March 25 2025 at 08:00PM
The Documentation Paradox: When Written Isn't Always Understood
The Illusion of Clarity
When we write documentation, we fall victim to what psychologists call the "curse of knowledge." We can't unknow what we know, so we unconsciously assume our readers share our context, vocabulary, and priorities. This cognitive bias creates a dangerous illusion of clarity.
Research in communication psychology shows that authors consistently overestimate how clearly their messages will be understood. When we create documentation, we have the full context in our minds, but our audience only sees what we've explicitly written down.
This phenomenon perfectly illustrates what happens with our project documentation. What makes complete sense to us often appears as disconnected fragments to our audience.
When Documentation Becomes a Checkbox
In many organizations, documentation has become a compliance activity rather than a communication tool. CYA, right?! We document because our methodology demands it, because it's a deliverable on our project plan, or because "that's how we've always done it." The act of documentation becomes separated from its purpose: creating shared understanding.
In many organizations, project managers create extensive requirements documents that routinely exceed dozens or even hundreds of pages. Yet when team members are asked about these documents, a common pattern emerges – almost no one reads them in their entirety. Developers skim for code-relevant details, designers extract visual requirements, and executives read only the executive summary. The documents themselves become bureaucratic checkboxes rather than effective communication channels.
The Documentation Spectrum: Finding the Sweet Spot
The solution isn't to abandon documentation entirely. Rather, we need to find the sweet spot on the documentation spectrum – the point where we provide enough information to create understanding without overwhelming our audience.
Too little documentation leaves team members guessing and creates knowledge gaps. Too much documentation overwhelms readers and buries critical information in a sea of details. The "just right" amount varies based on project complexity, team familiarity, and organizational culture.
Five Strategies for More Effective Documentation
After years of observing documentation successes and failures across dozens of project teams, I've identified five strategies that consistently lead to better outcomes:
1. Know Your Audience(s)
Different stakeholders need different levels of detail and formats. Executive sponsors might need a one-page dashboard, while developers require technical specifications. Creating multiple versions of documentation tailored to specific audiences dramatically increases comprehension.

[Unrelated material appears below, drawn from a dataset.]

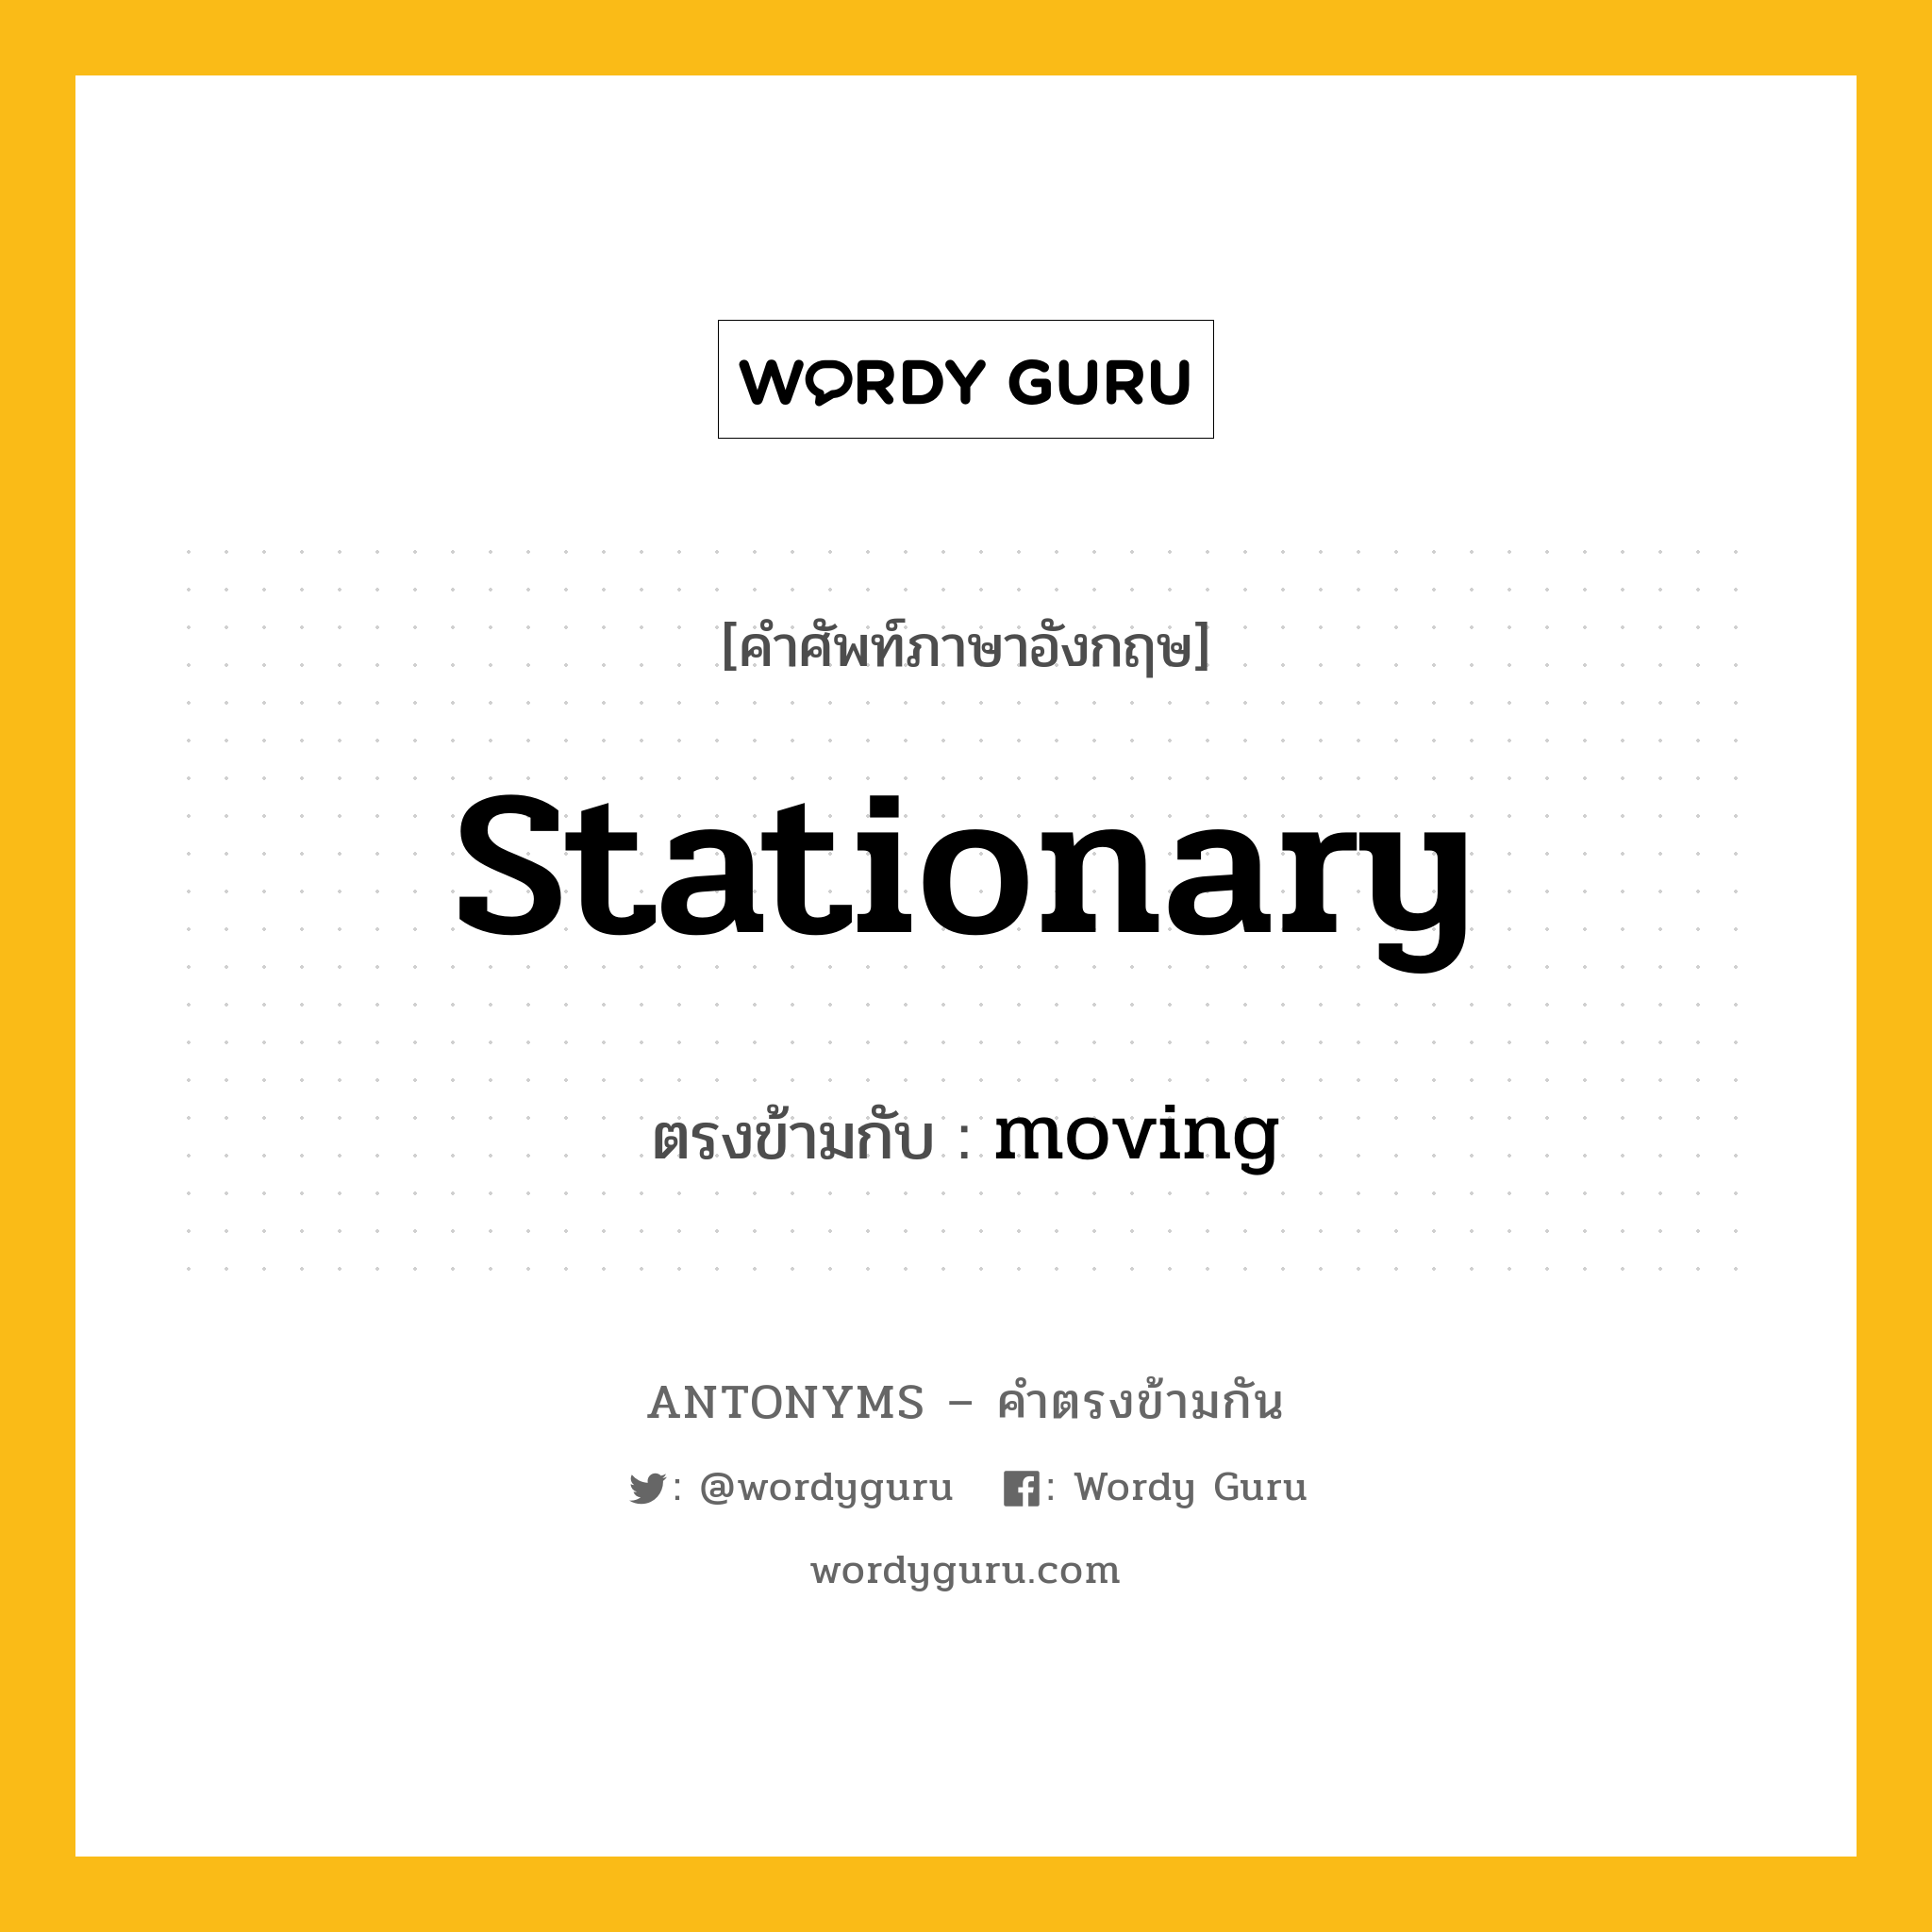 stationary เป็นคำตรงข้ามกับคำไหนบ้าง?, คำศัพท์ภาษาอังกฤษ stationary ตรงข้ามกับ moving หมวด moving

Consider creating documentation "layers":
● Executive layer: High-level objectives, business benefits, major milestones
● Management layer: Dependencies, resource requirements, risk assessment
● Implementation layer: Technical details, acceptance criteria, testing protocols
2. Make It Visual
Our brains process visual information differently than text. Diagrams, flowcharts, and other visual elements can communicate complex relationships more effectively than paragraphs of explanation.
Consider how a lengthy systems integration document might be replaced with a series of visual workflow diagrams supplemented by brief explanations. This approach can reduce documentation time while simultaneously resulting in fewer clarification meetings and implementation errors.
3. Embrace Progressive Elaboration
Not all documentation needs to be created at once. Progressive elaboration – the practice of developing documentation in waves of increasing detail – allows you to focus on what's immediately necessary and evolve your documentation as the project progresses.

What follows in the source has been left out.